Exercise objective
The entries below contain pictures. Write out only the lines from the line with "Check Out The" up to and including the line with "Warner Bros Willy", exactly, without them.

Task data
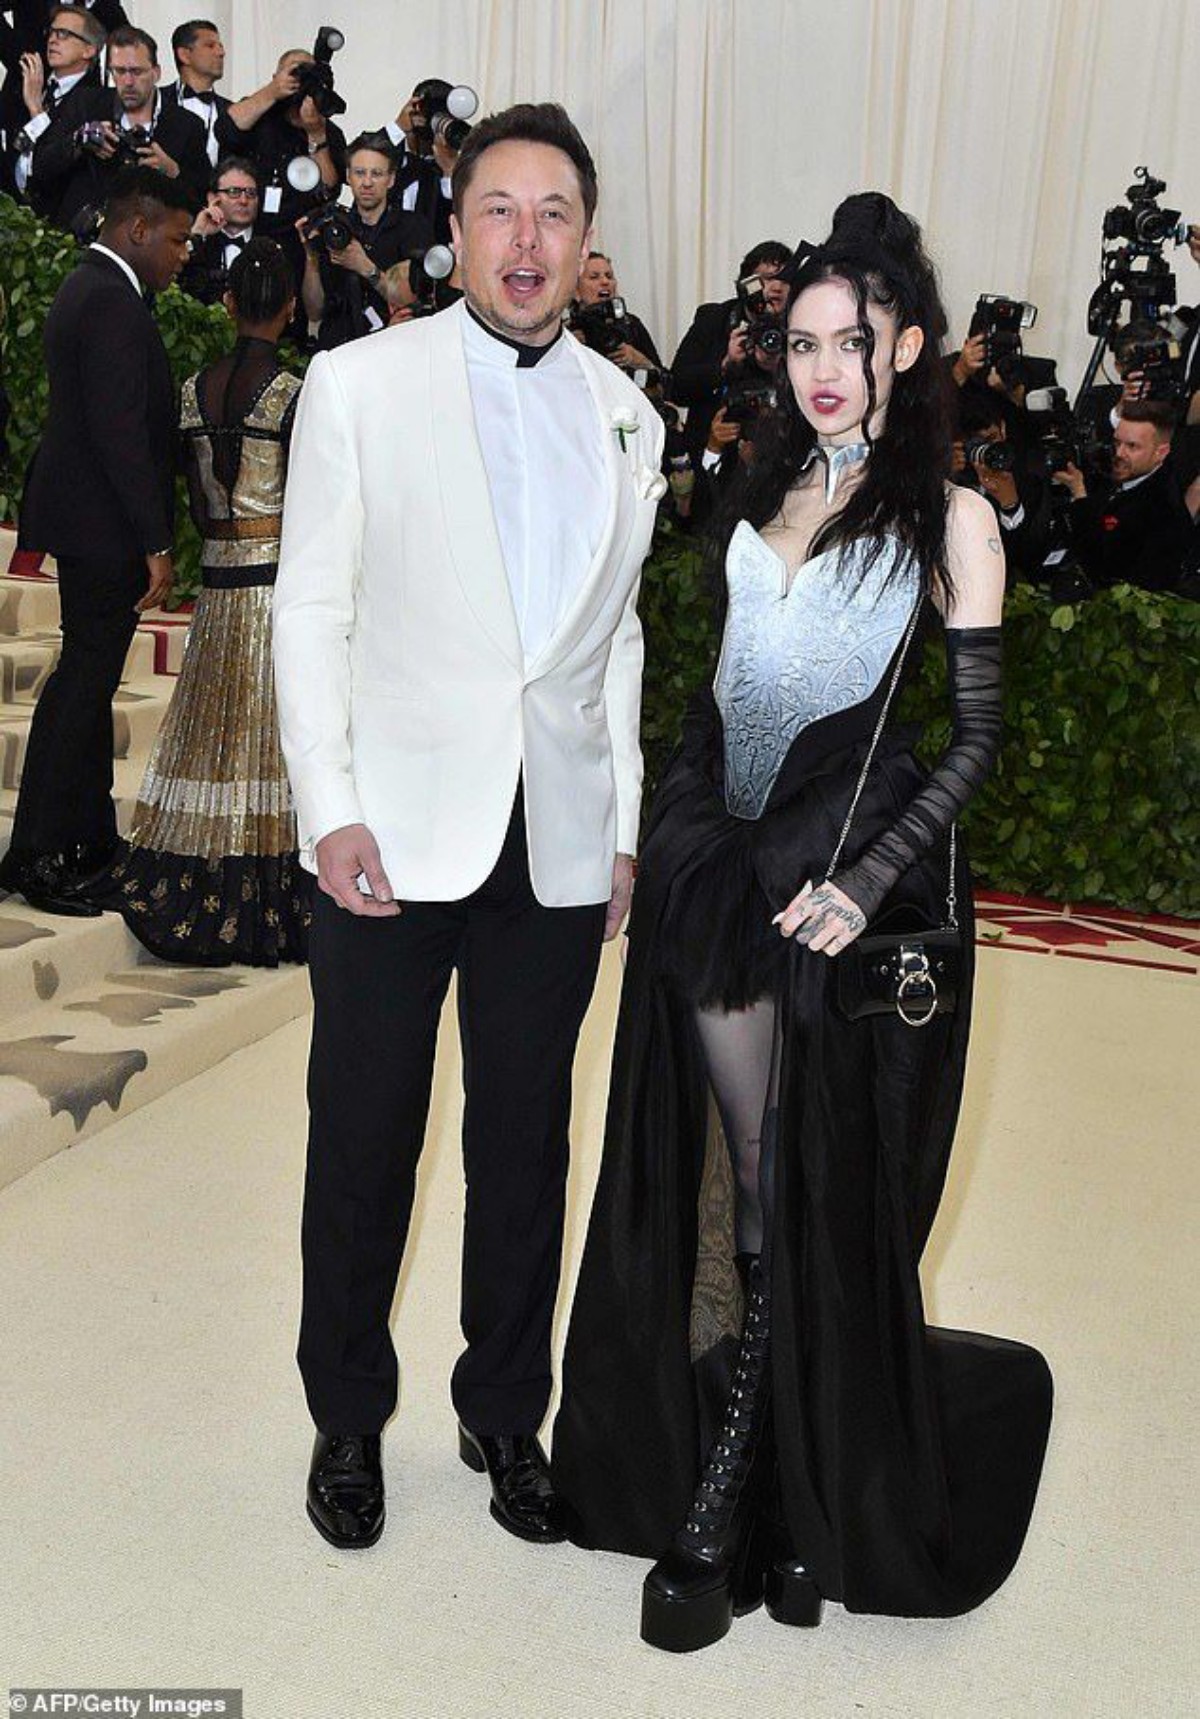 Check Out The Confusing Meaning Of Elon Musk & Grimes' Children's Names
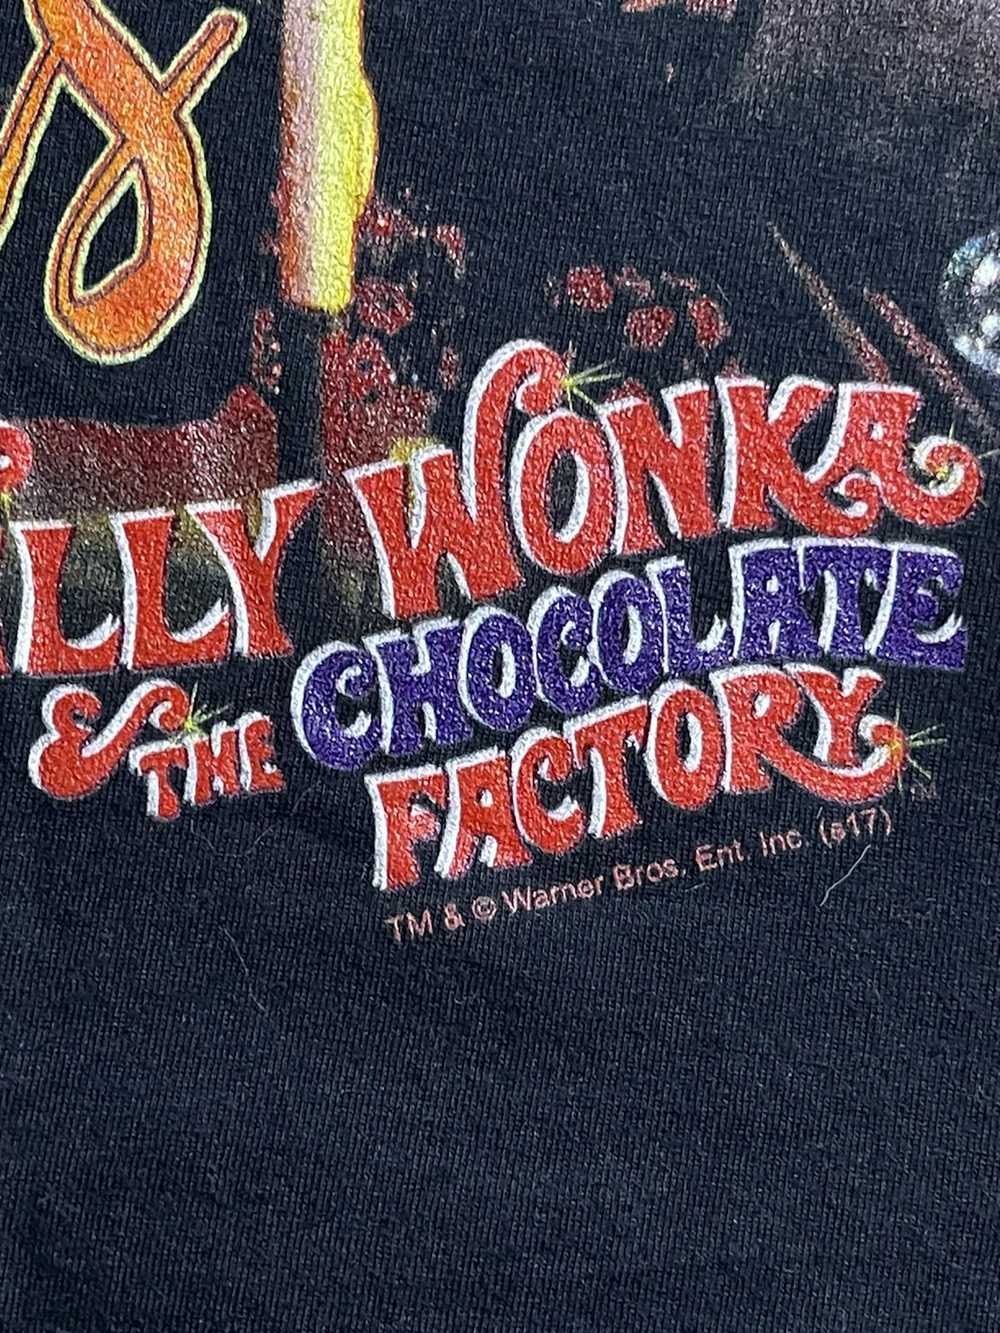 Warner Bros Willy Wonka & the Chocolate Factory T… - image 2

--

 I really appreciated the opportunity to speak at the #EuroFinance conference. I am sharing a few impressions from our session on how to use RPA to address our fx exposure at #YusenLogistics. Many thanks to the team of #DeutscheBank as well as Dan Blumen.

Your solution
 Check Out The Confusing Meaning Of Elon Musk & Grimes' Children's Names
 Warner Bros Willy Wonka & the Chocolate Factory T… - image 2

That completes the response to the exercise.